Olaparib response may depend on DDR mutation type in mCRPC
medwireNews: The degree of response to olaparib among patients with heavily pretreated metastatic castration-resistant prostate cancer (mCRPC) varies according to the type of DNA damage repair (DDR) alteration the tumor carries, research shows.
The findings of the phase II TOPARP-B trial, presented at the 2019 ASCO Annual Meeting in Chicago, Illinois, USA, show that response to the PARP inhibitor was greatest among people carrying BRCA1/2 or PALB2 mutations.
Joaquin Mateo, from the Institute of Cancer Research in London, UK, explained to meeting delegates that the trial was conducted to validate the findings of TOPARP-A, which demonstrated the antitumor activity of olaparib 400 mg twice daily in patients with no molecular selection.
TOPARP-B included 98 patients with mCRPC whose tumor biopsies showed a mutation in in any gene associated with DDR or PARP inhibitor sensitivity. Nearly all of them had previously received docetaxel (100%) plus abiraterone and/or enzalutamide (90%), and 38% had previously been treated with cabazitaxel.
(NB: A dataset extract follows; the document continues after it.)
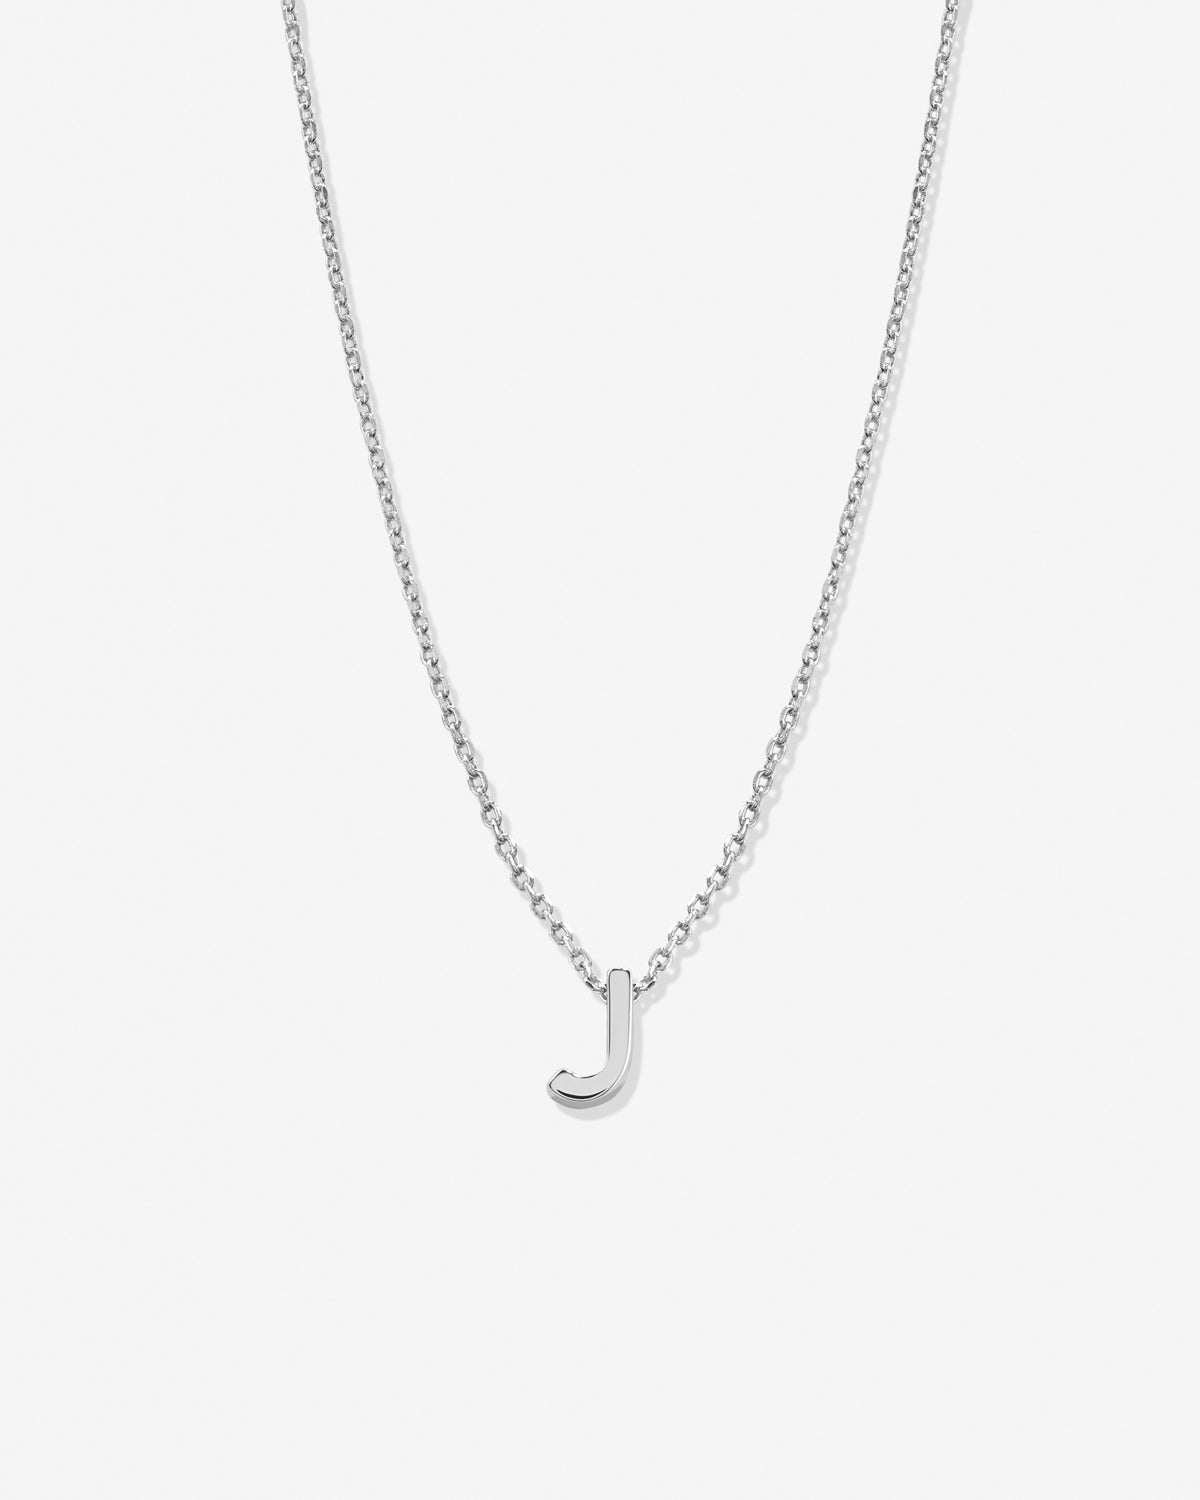 Elsa Peretti® Alphabet Letter J Pendant in Silver, Small | Tiffany & Co.
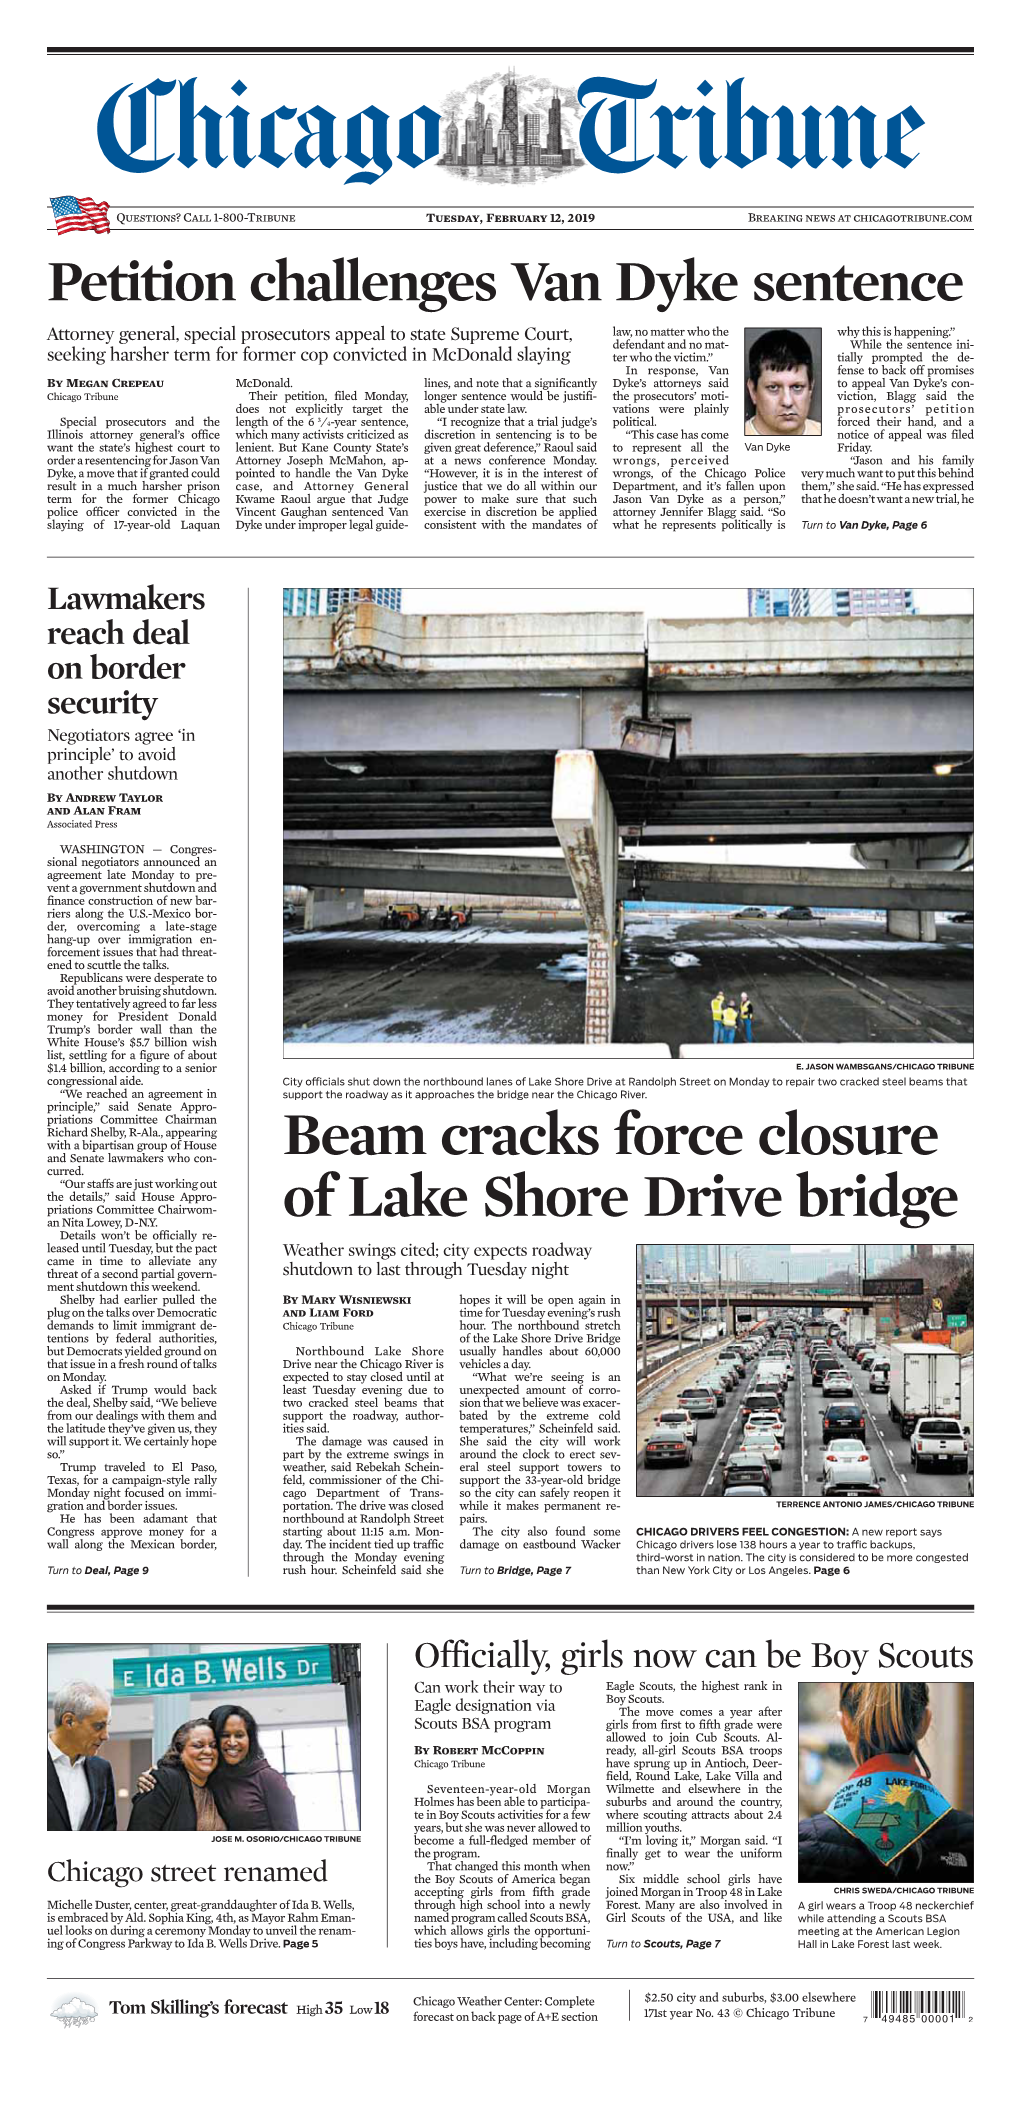 Beam Cracks Force Closure of Lake Shore Drive Bridge

The patients were randomly assigned to receive olaparib at the original dose of 400 mg twice daily or at the lower dose of 300 mg twice daily, which is now approved for the treatment of breast and ovarian cancer.
After a median 17.6 months of follow-up, the overall response rate was 54.3% in the 400 mg cohort and 39.1% in the 300 mg cohort.
This included RECIST responses of 24.2% and 16.2%, respectively, PSA responses (defined as a decline of at least 50% from baseline) of 37.0% and 30.2%, respectively, and CTC conversion rates (from ≥5 cells/7.5 mL of blood at baseline to <5 cells/7.5 mL) of 53.6% and 48.1%, respectively.
Median radiographic progression-free survival (rPFS) was 5.5 months in the 400 mg group and 5.6 months in the 300 mg group.
Subgroup analyses according to the altered gene present showed the highest response rate occurred among patients with a BRCA1/2 mutation, at 83.3% of 30 patients, followed by PALB2 at 57.1% of seven patients, ATM at 36.8% of 19 patients, and CDK12 at 25.0% of 20 patients. The response rate was 20% among the 20 patients with other mutations (ATRX, CHEK1, CHEK2, FANCA, FANCF, FANCG, FANCI, FANCM, RAD50, and WRN).
Median rPFS was 8.3, 5.3, 5.8, 2.9, and 2.8 months in the BRCA1/2, PALB2, ATM, CDK12, and other mutation groups, respectively.
Mateo concluded that “[g]ene aberration type matters” in response to treatment with olaparib.
He added that “[d]ose may matter,” but pointed out that the increased response rate and longer time without radiographic progression came at the cost of a higher rate of dose reductions. Specifically, 37.7% of patients in the 400 mg group needed a dose reduction, compared with 12.2% of those in the 300 mg group.